En 1984, Rolls publicó en Appetite un estudio titulado “cambios en el placer e ingesta de alimentos en una comida variada de cuatro platos” en el que demostraba que la saciedad puede ser específica para cada alimento comido: quienes recibieron cuatro platos diferentes consumieron alrededor de un 60% más de calorías que el grupo que recibió cuatro platos idénticos porque los primeros comieron más. “Si tienes opciones, a medida que un alimento empieza a saber menos bien debido a esta variación, cambiarás a otros”, relata Rolls. Por eso comemos más patatas fritas si nos las ofrecen primero con kétchup y luego con mayonesa, como describieron otros investigadores en Physiology & Behavior, o los niños comen más verduras cuando se les sirven varios tipos juntos, como demostró Rolls en The American Journal of Clinical Nutrition. Así, los primeros bocados de un plato delicioso siempre nos van a gratificar más que los últimos. Y no solo hacemos hueco para el postre, también para el segundo plato cuando estamos aburridos del primero.

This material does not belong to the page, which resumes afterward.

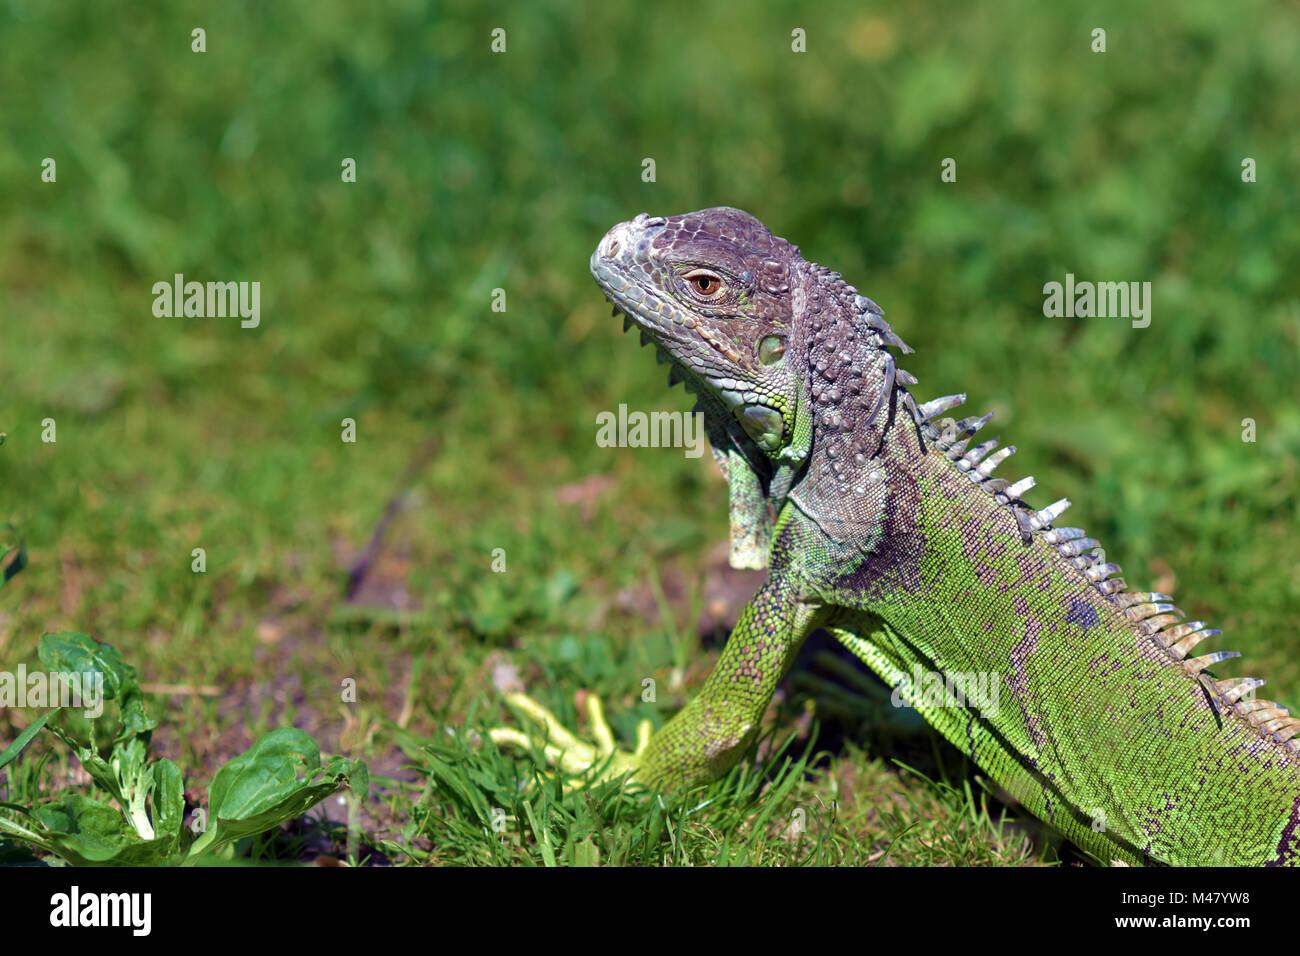 Green iguana - large herbivorous lizard close up - Stock Image

El postre, además de un nuevo estímulo, es dulce, lo que lo hace aún más apetecible. Es más, comeríamos más helado si nos dieran dos sabores que uno solo, precisa Rolls. Todo ello se debe a que una dieta saludable debe ser variada y nuestro cerebro ha evolucionado durante milenios para recompensar esa disparidad, proporcionándonos placer con los cambios en sabor, presentación, olor, textura y otras cualidades alimentarias. “Somos omnívoros”, recuerda Rolls: buscamos comer variado para garantizar una diversidad de nutrientes necesarios. La contrapartida es que no ha tenido tiempo para adaptarse a los estímulos de miles de productos malsanos que llenan desde hace unas décadas las estanterías de los supermercados.

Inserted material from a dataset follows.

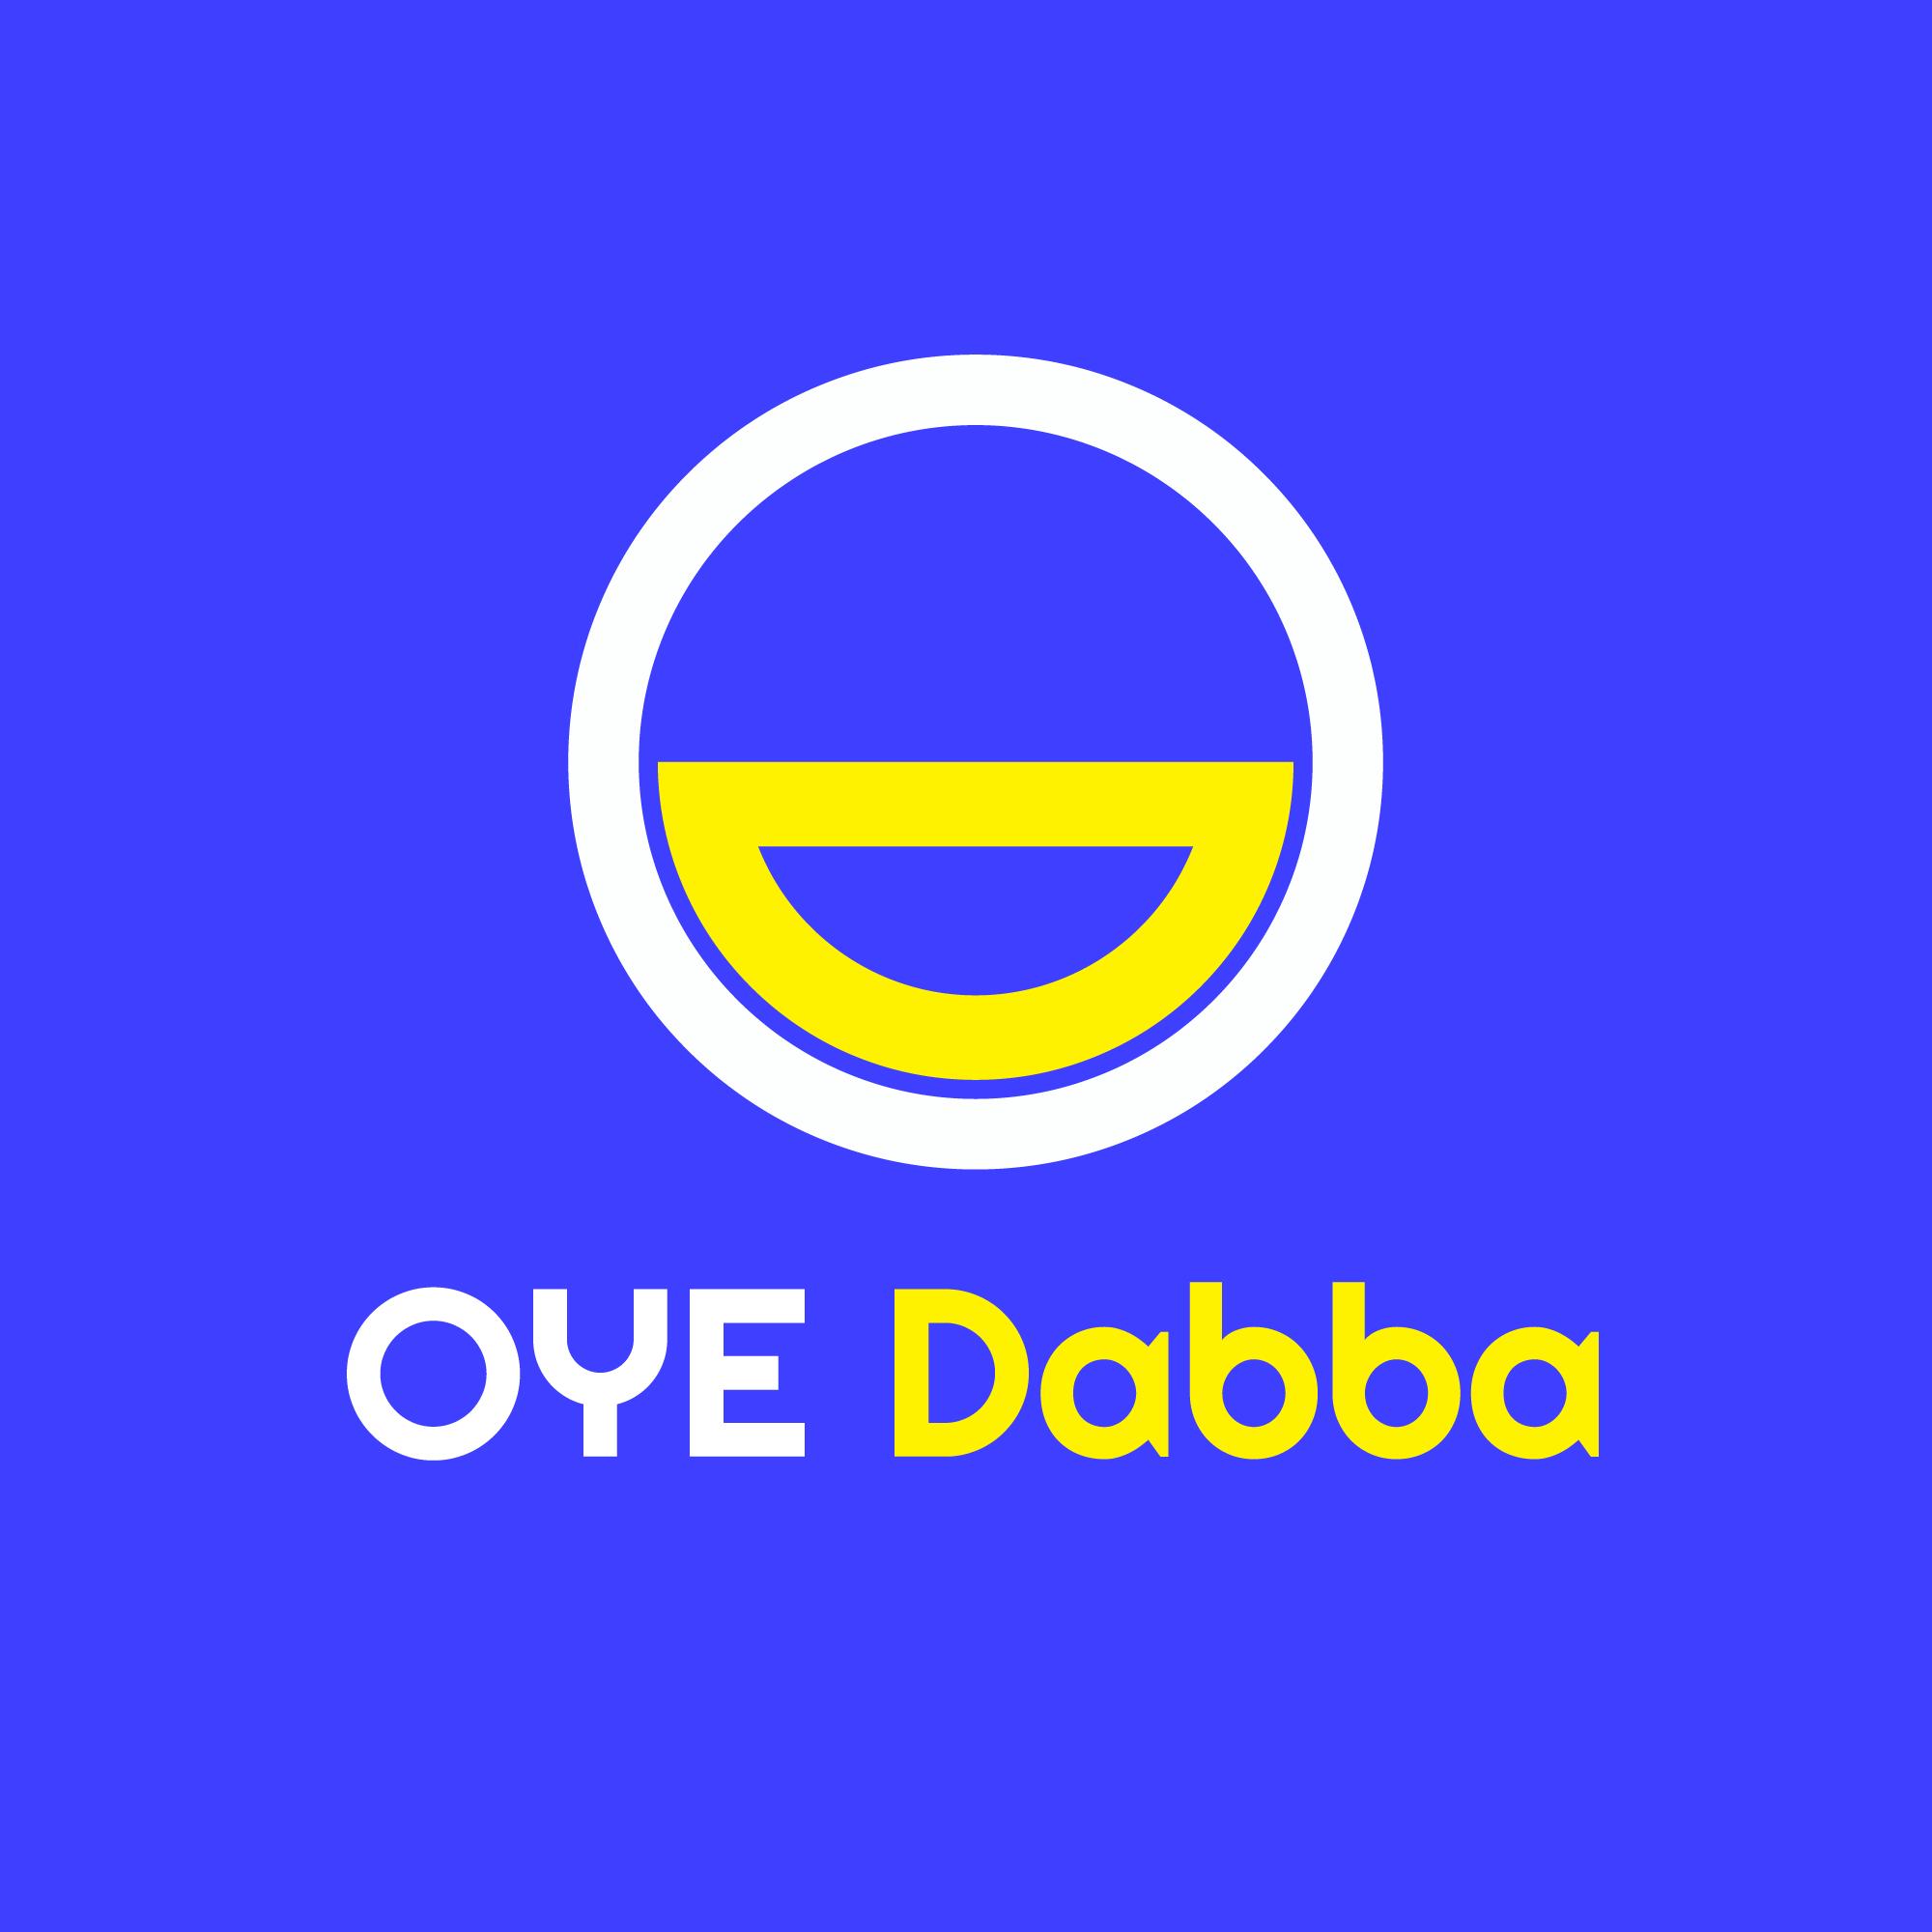 Oye Dabba

¿Cómo evitamos, entonces, caer en la tentación? Entendiendo estos mecanismos y que los ambientes de socialización o la amplia disponibilidad de alimentos, como ocurre en los buffet libres, también nos empujan a comer más. Como la sensación de plenitud desde que empezamos a comer puede tardar unos 20 minutos, también tiene sentido comer más despacio y tomarnos un tiempo antes de decidir si de verdad necesitamos la tarta, si optamos por algo más saludable o si no queremos nada. En última instancia, siempre podemos compartir postres o pedir porciones reducidas. Sabio apunta a la educación temprana en hábitos saludables, sin olvidar que todo nuestro entorno, la publicidad y un sinfín de estímulos nos empujan a comer productos más sabrosos e insanos. “La solución es acostumbrarnos desde pequeños a que el dulce lo tenemos que conseguir de la fruta y a que, solo en determinadas ocasiones, tomemos un postre con mucho azúcar. Es como la sal, cuanta más tomas, más necesitas”, concluye la experta. Pero esa es otra historia y debe ser contada en otra ocasión.